E. Owen 28th Field Ambulance Royal Army Medical Corps

pocketwatch

I have come across a pocket watch, inscribed to "E. Owen British Army 28th Fld. Ambulance, RAMC, ASC MT. 9th (Scottish) Infantry Division" with Ypres, Bethune, Arras, Cambrai, and Kemmel.

Geoffrey Dickson




229656

Pte. Alfred Edwin Morris 28th Field Ambulance

My father, Edwin Morris, later Archbishop of Wales, wrote this:

I was posted to the 73rd General Hospital at Trouville and given the job of telephone orderly. As I had never used the telephone before, this was an odd appointment, but I soon got the hang of it.

In the early autumn of 1918 we had a lot of fatal cases of influenza at the hospital. Big strong men would die of this within a very few days, and the doctors seemed to be at a loss how to deal with it. Somehow it seemed worse that soldiers should die of a civilian illness in a safe area than of wounds on the field of battle.
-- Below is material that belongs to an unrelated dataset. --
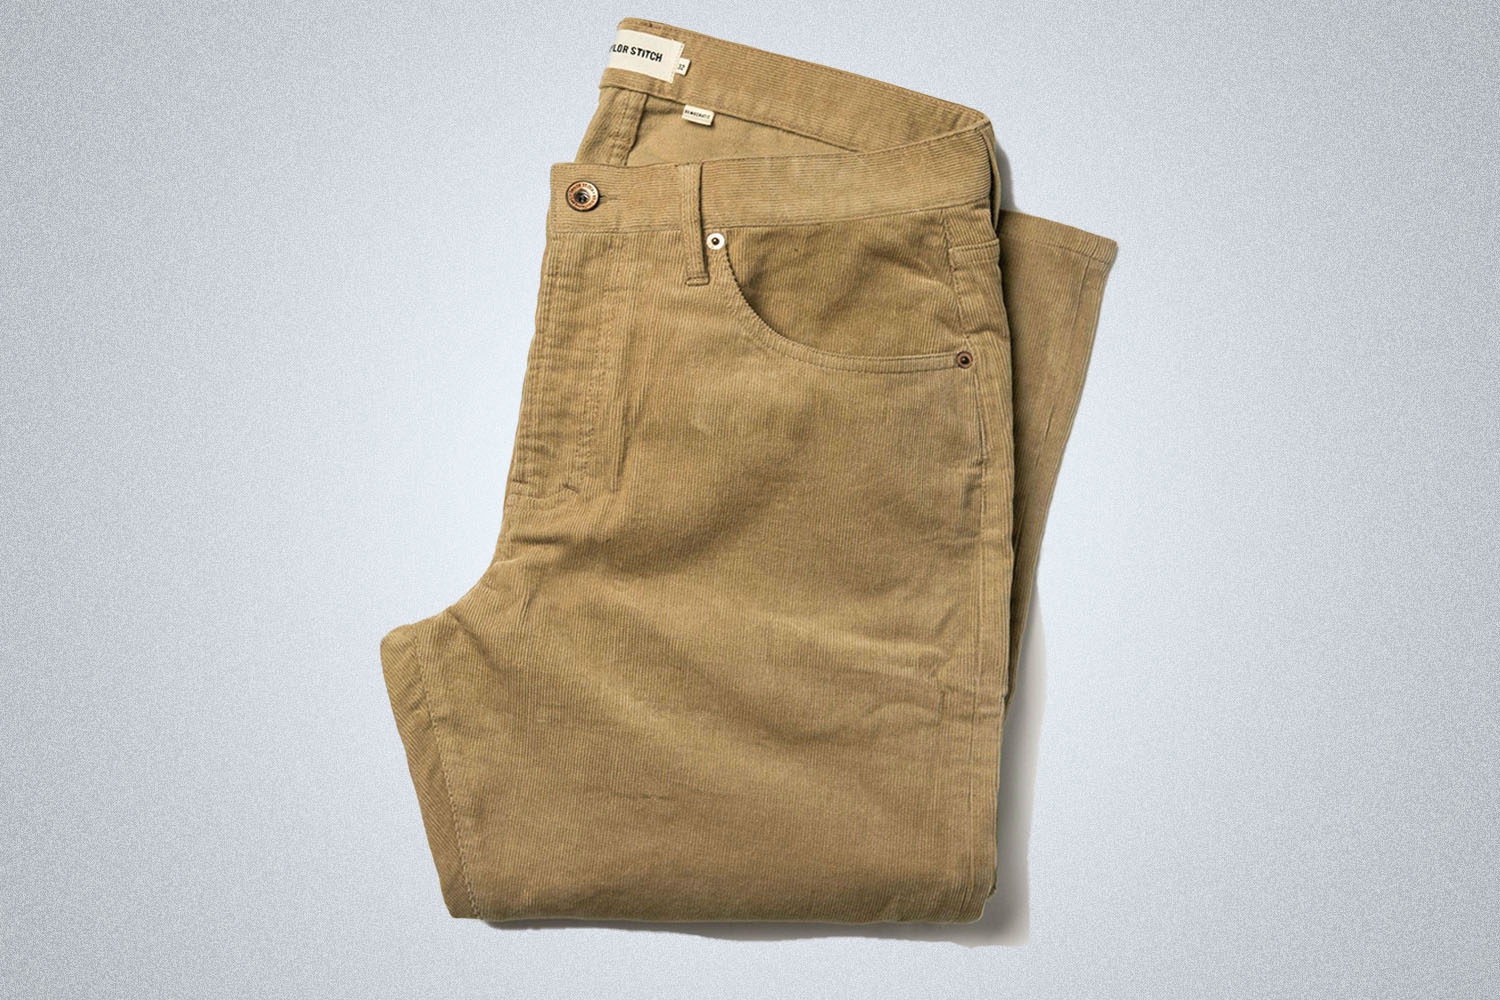 a pair of khaki, democratic-fitting pants

It was while I was telephone orderly at the 73rd General Hospital that rumours of a possible armistice began to circulate, and on the morning of November 11th I received the official message that at 11 a.m. the hostilities would cease. I took it to the Colonel, who could hardly believe it. He rang through to confirm it, and then authorized the release of the news to the hospital. The effect was magical. The hospital began to empty immediately. Discipline went to the winds and patients who had been confined to bed poured out and went down to the town in their hospital blue, where they were given free drinks in the estaminets. It was three or four days before we got them all back.